## DIRECTIONS FOR THIS TASK
Skip the pictures. Give all the data again exactly.

## COLLECTED DATA
::::
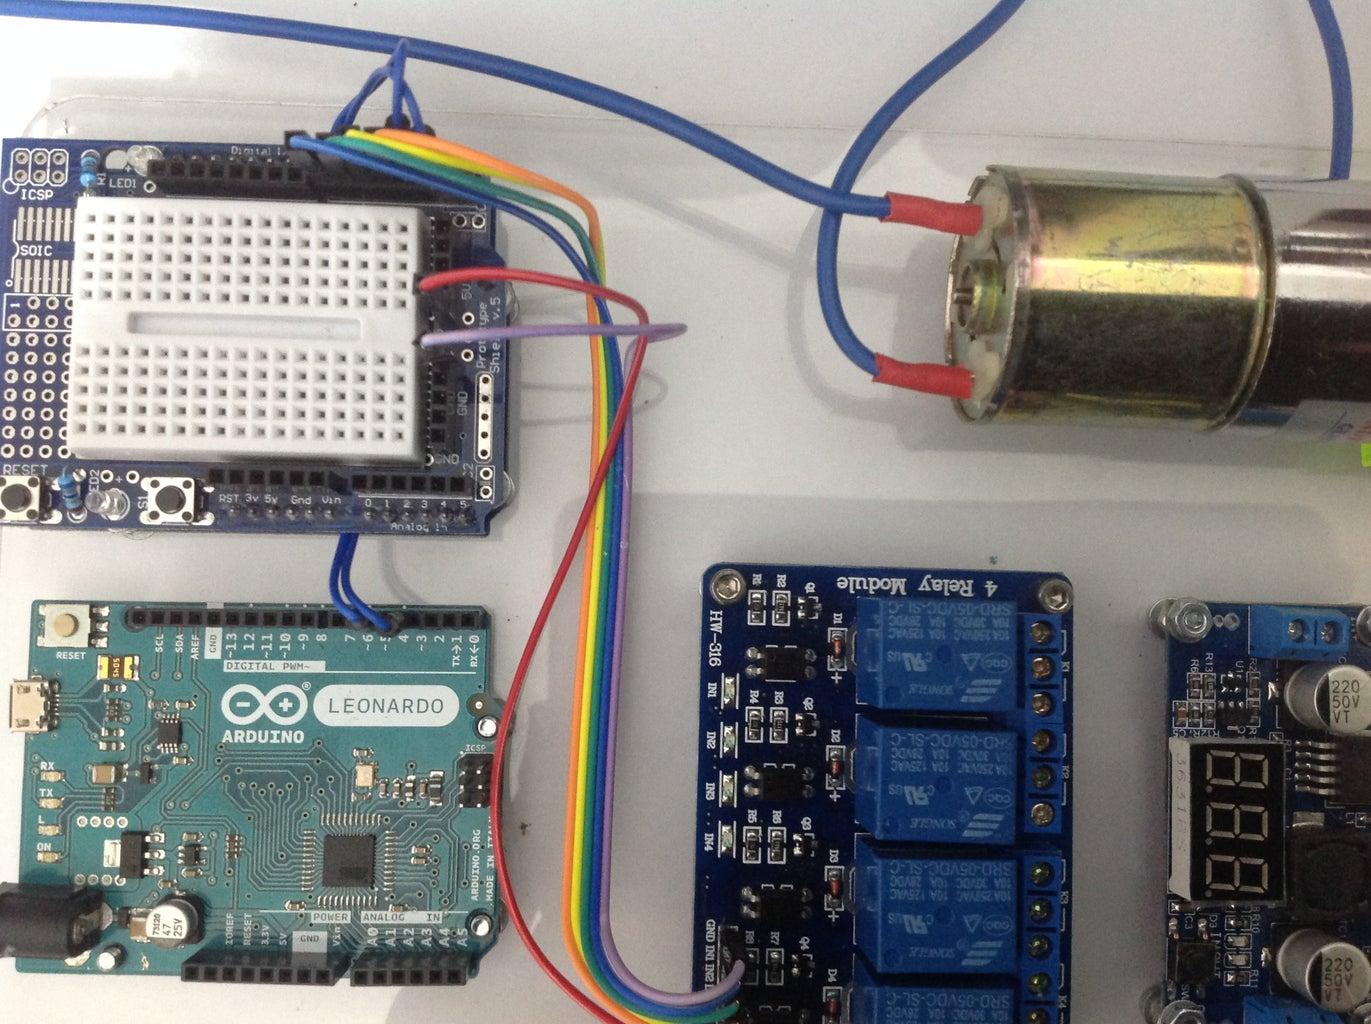 Wiring - Signal Wires
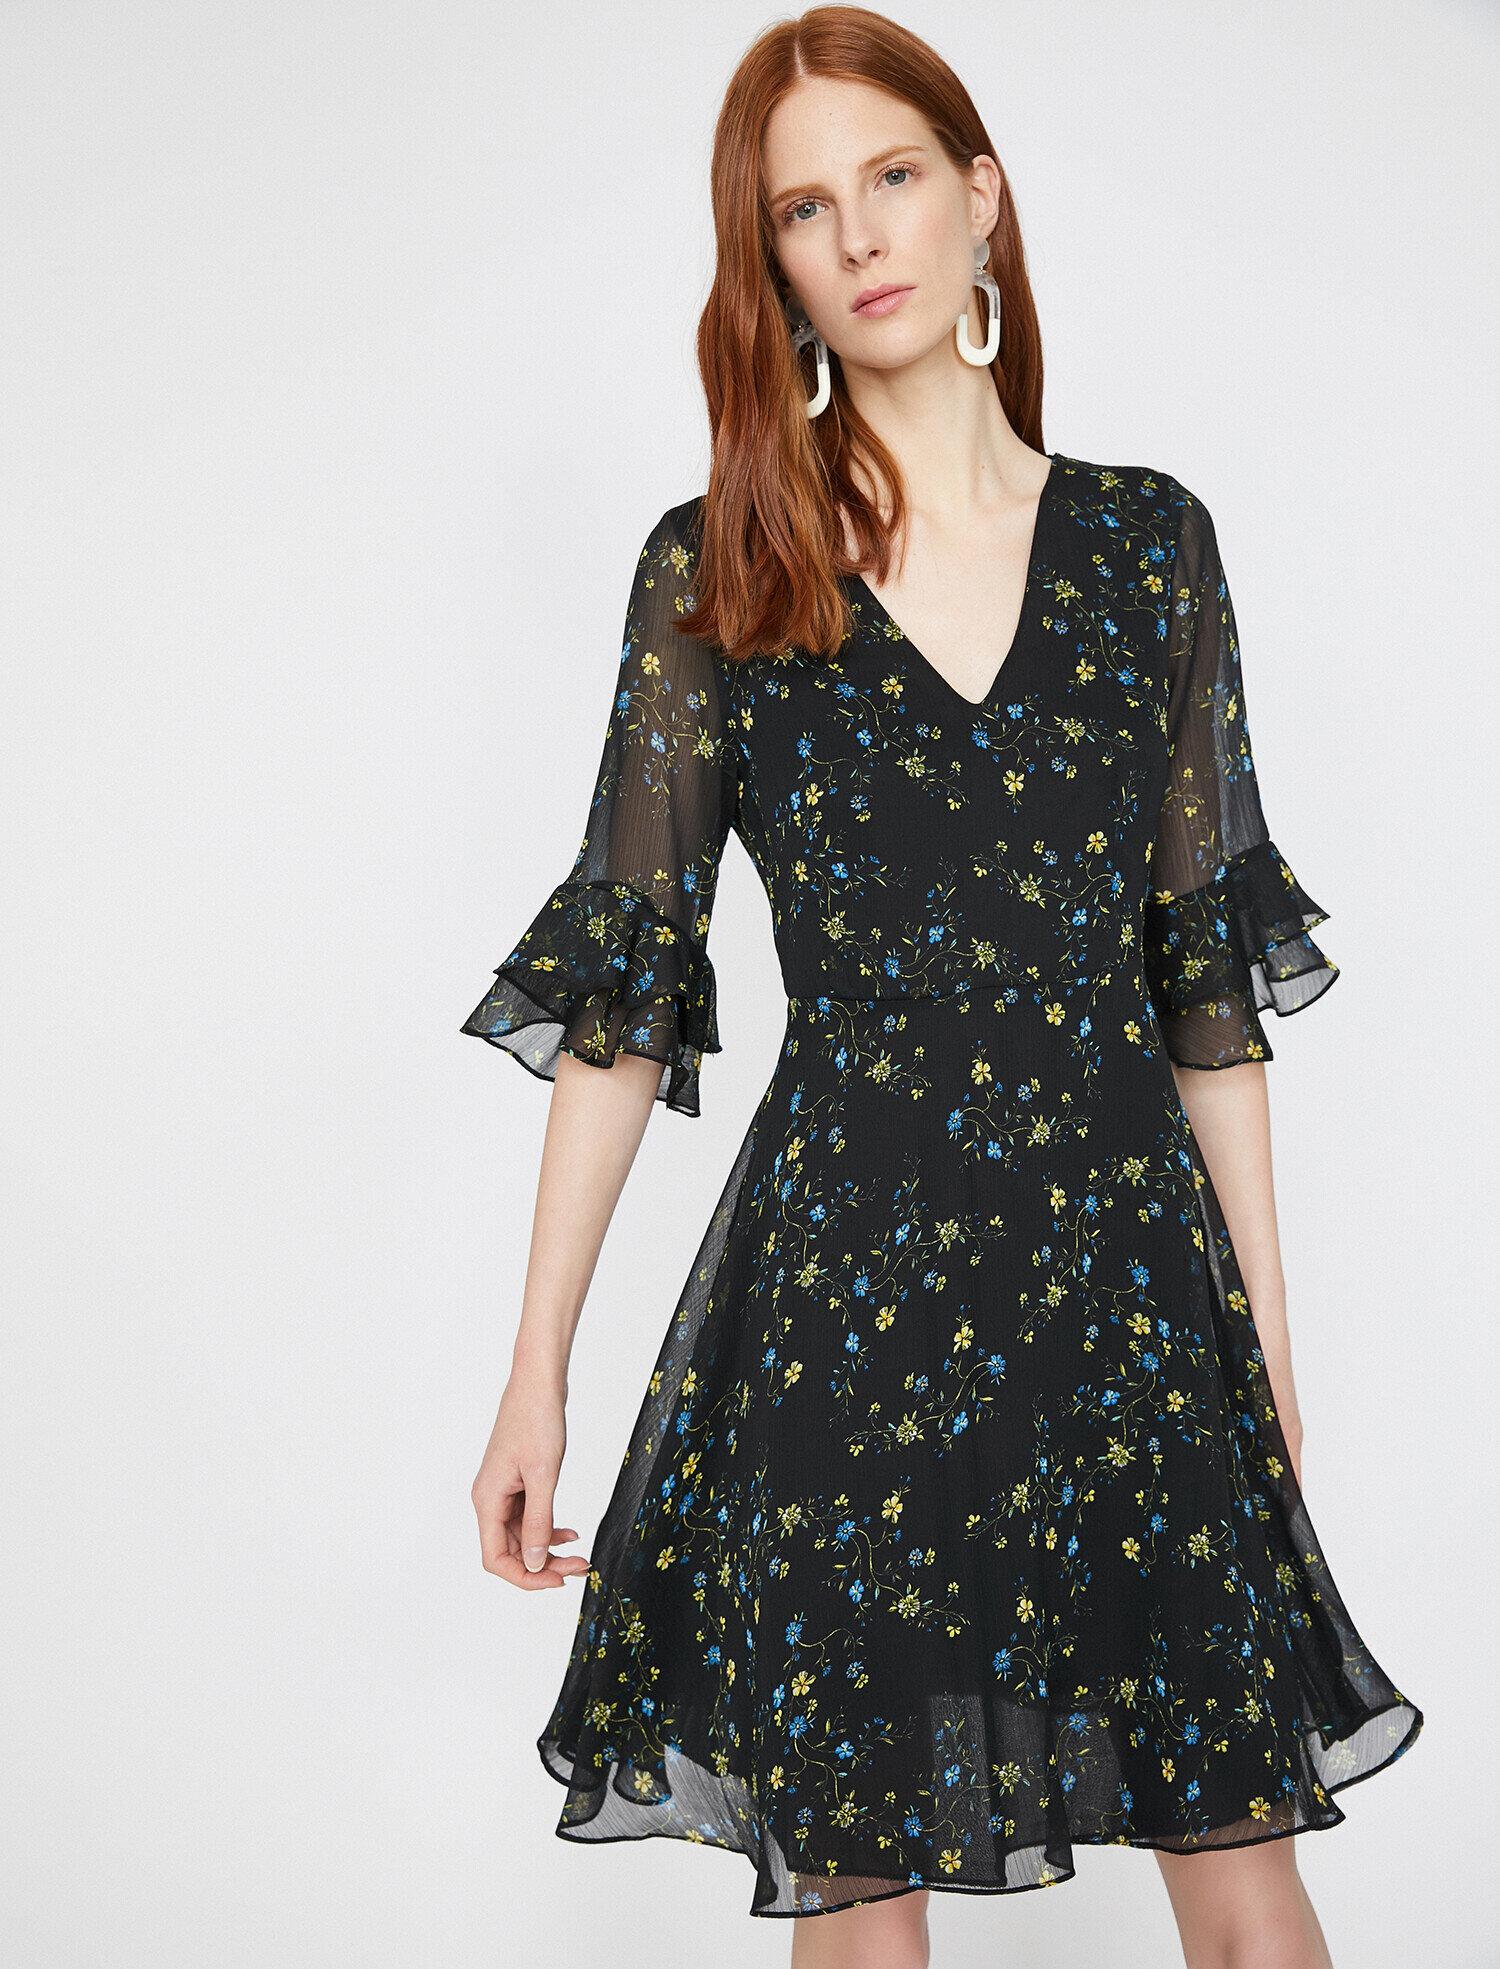 4323a0a059c32 Siyah Bayan The Floral Dress - Çiçek Desenli Elbise 9YAK88322PW03A ...
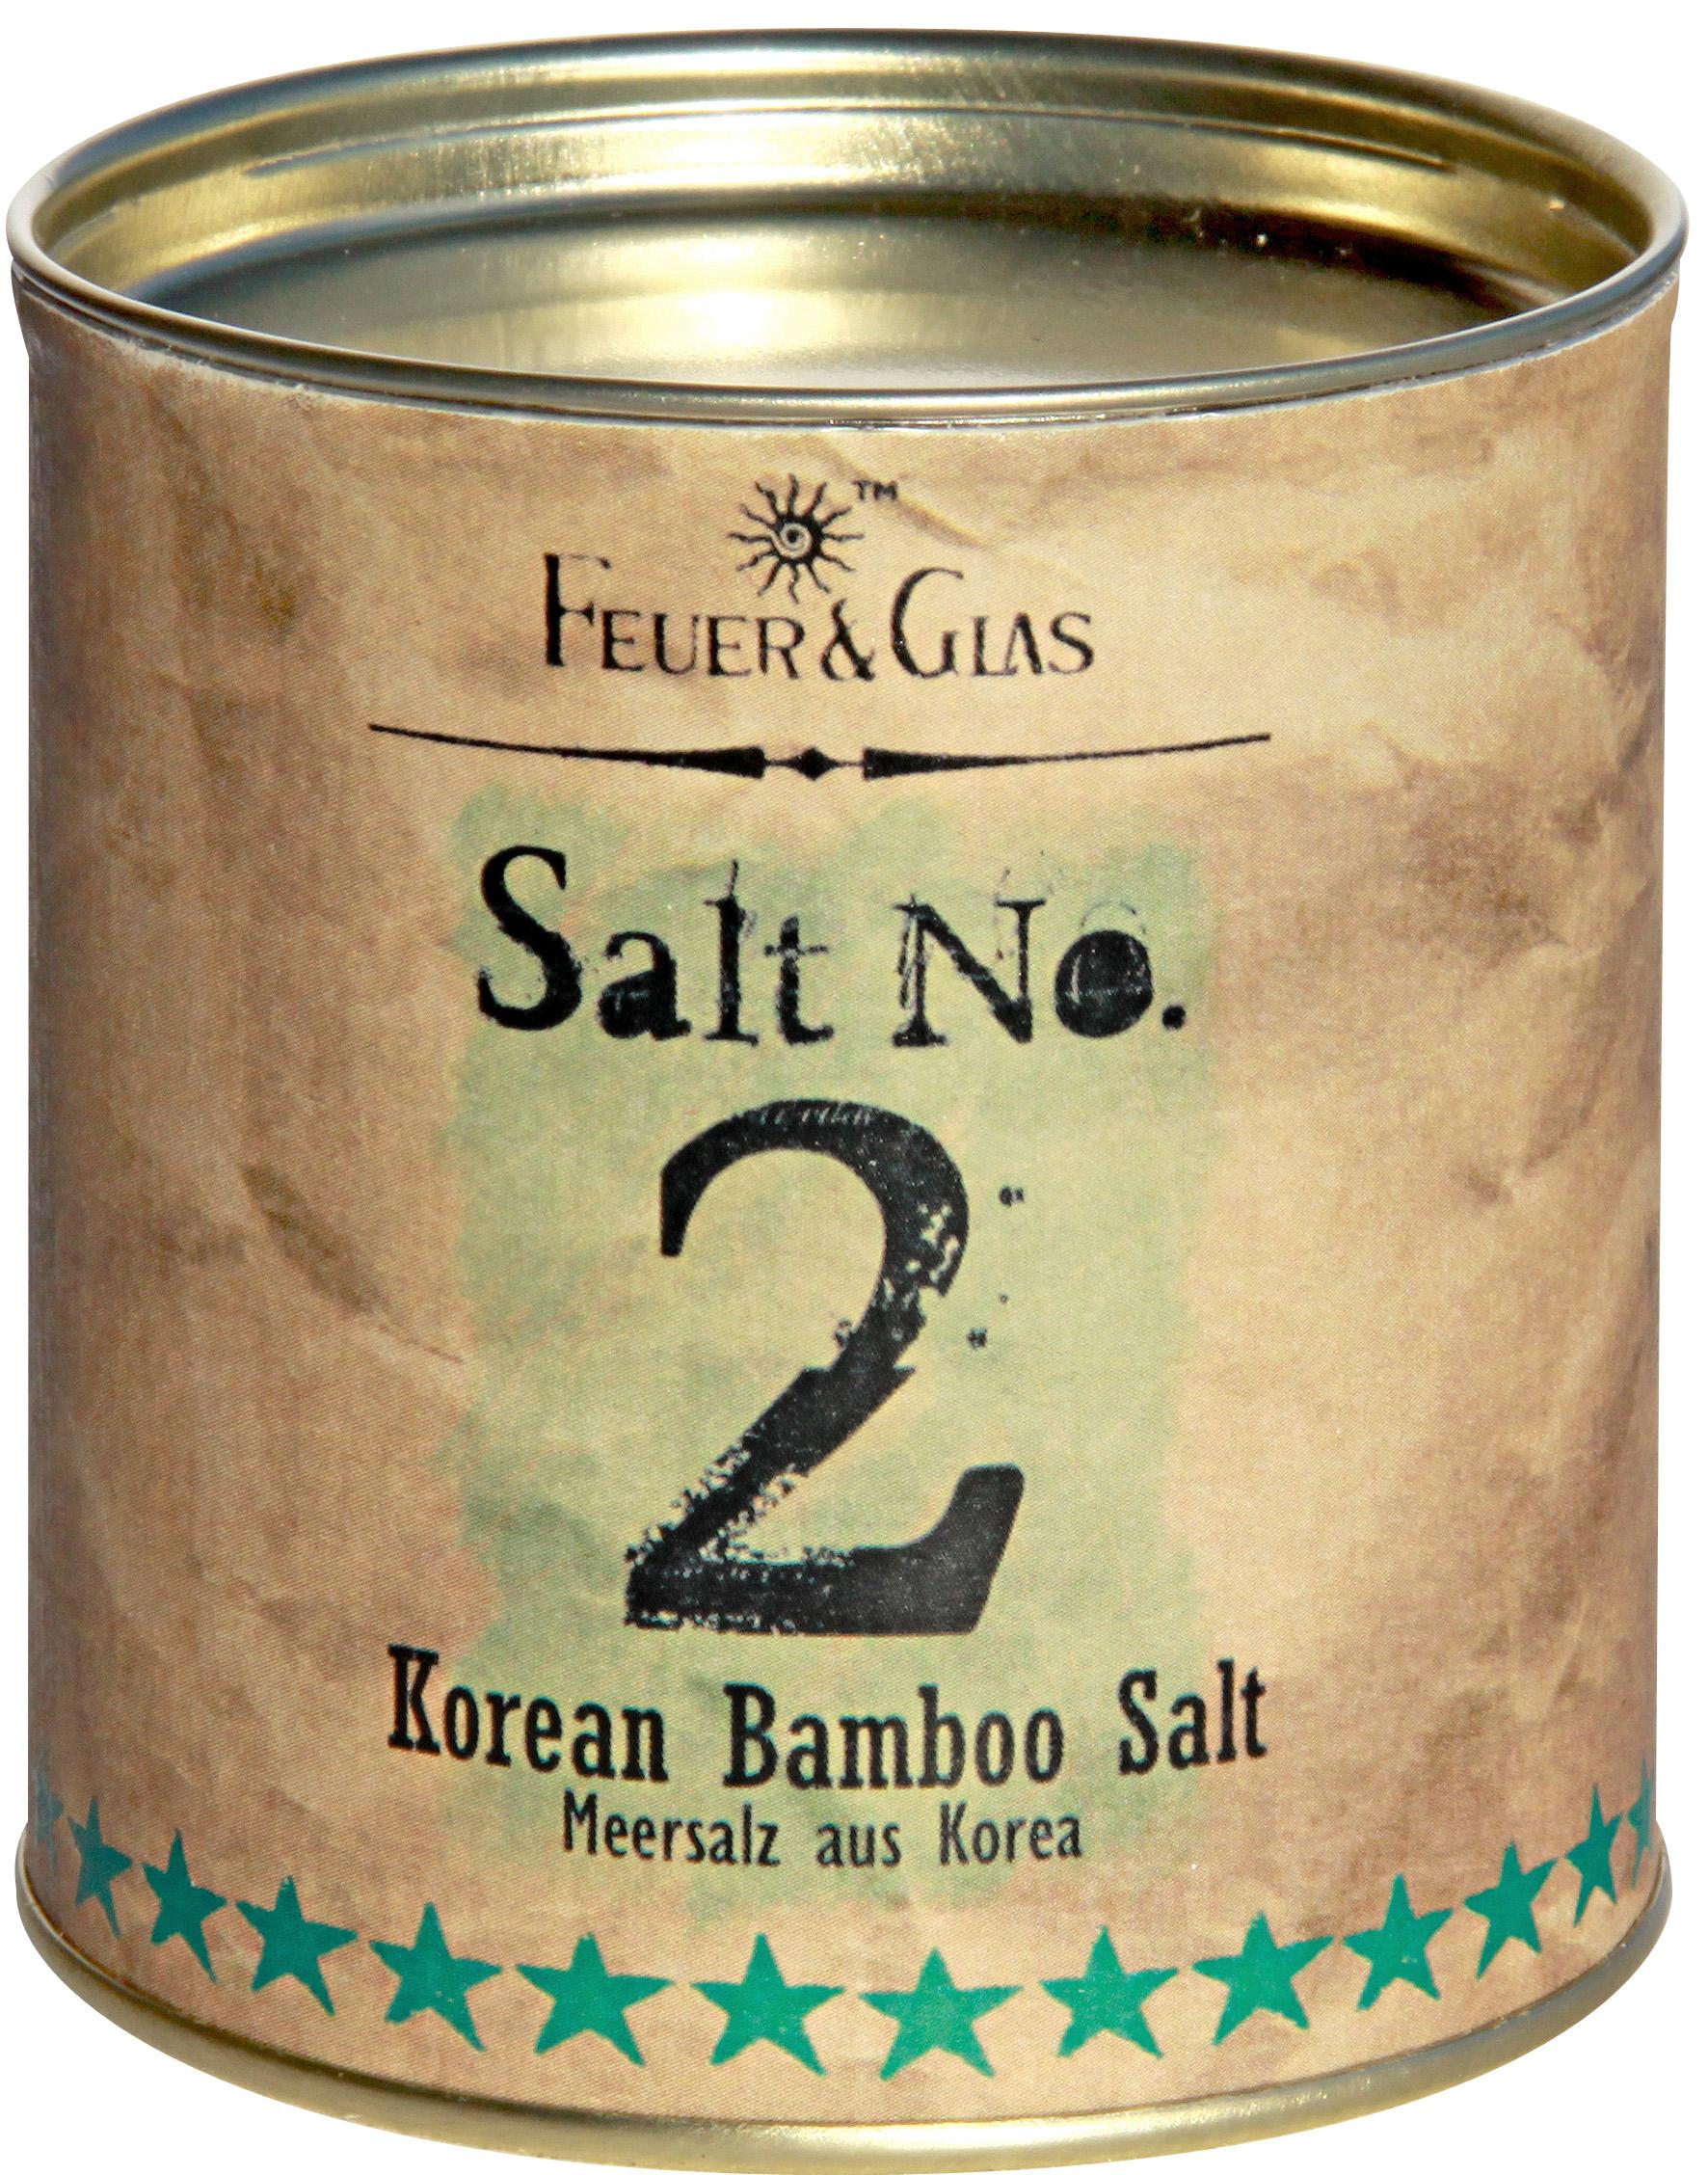 Salt No.2 - Korean Bamboo Salt
::::
## RESULT OF THE TASK
 Wiring - Signal Wires
 4323a0a059c32 Siyah Bayan The Floral Dress - Çiçek Desenli Elbise 9YAK88322PW03A ...
 Salt No.2 - Korean Bamboo Salt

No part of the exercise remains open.